There are only two places where you might notice different behavior:
- If you map an ordered factor to color or fill in ggplot2, it will default to `scale_color_viridis()`/`scale_fill_viridis()`, a color scale that implies a ranking.
- If you use an ordered predictor in a linear model, it will use "polynomial contrasts". These are mildly useful, but you are unlikely to have heard of them unless you have a PhD in Statistics, and even then you probably don't routinely interpret them. If you want to learn more, we recommend `vignette("contrasts", package = "faux")` by Lisa DeBruine.
For the purposes of this book, correctly distinguishing between regular and ordered factors is not particularly important.
More broadly, however, certain fields (particularly the social sciences) do use ordered factors extensively.
In these contexts, it's important to correctly identify them so that other analysis packages can offer the appropriate behavior.
## Summary
This chapter introduced you to the handy forcats package for working with factors, introducing you to the most commonly used functions.
forcats contains a wide range of other helpers that we didn't have space to discuss here, so whenever you're facing a factor analysis challenge that you haven't encountered before, I highly recommend skimming the [reference index](https://forcats.tidyverse.org/reference/index.html) to see if there's a canned function that can help solve your problem.

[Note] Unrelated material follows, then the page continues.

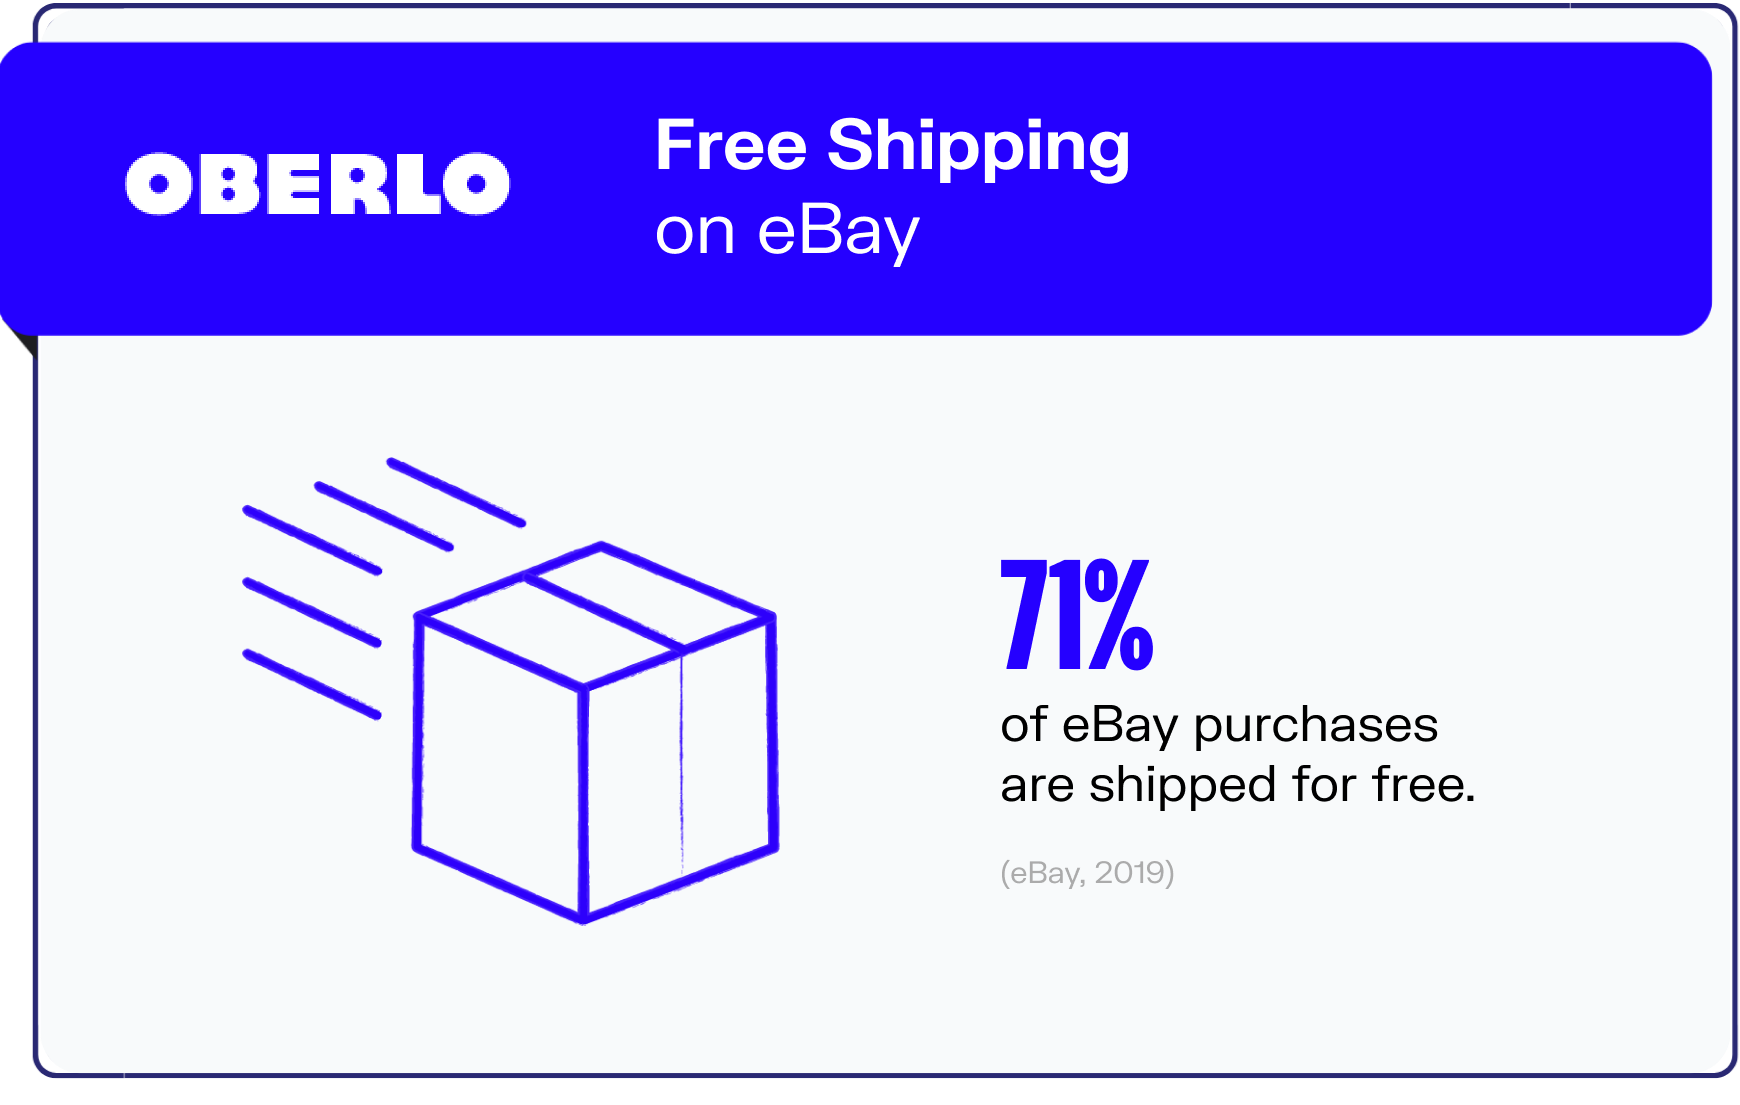 ebay statistics graphic8

If you want to learn more about factors after reading this chapter, we recommend reading Amelia McNamara and Nicholas Horton's paper, [*Wrangling categorical data in R*](https://peerj.com/preprints/3163/).
This paper lays out some of the history discussed in [*stringsAsFactors: An unauthorized biography*](https://simplystatistics.org/posts/2015-07-24-stringsasfactors-an-unauthorized-biography/) and [*stringsAsFactors = \<sigh\>*](https://notstatschat.tumblr.com/post/124987394001/stringsasfactors-sigh), and compares the tidy approaches to categorical data outlined in this book with base R methods.
An early version of the paper helped motivate and scope the forcats package; thanks Amelia & Nick!
In the next chapter we'll switch gears to start learning about dates and times in R.
Dates and times seem deceptively simple, but as you'll soon see, the more you learn about them, the more complex they seem to get!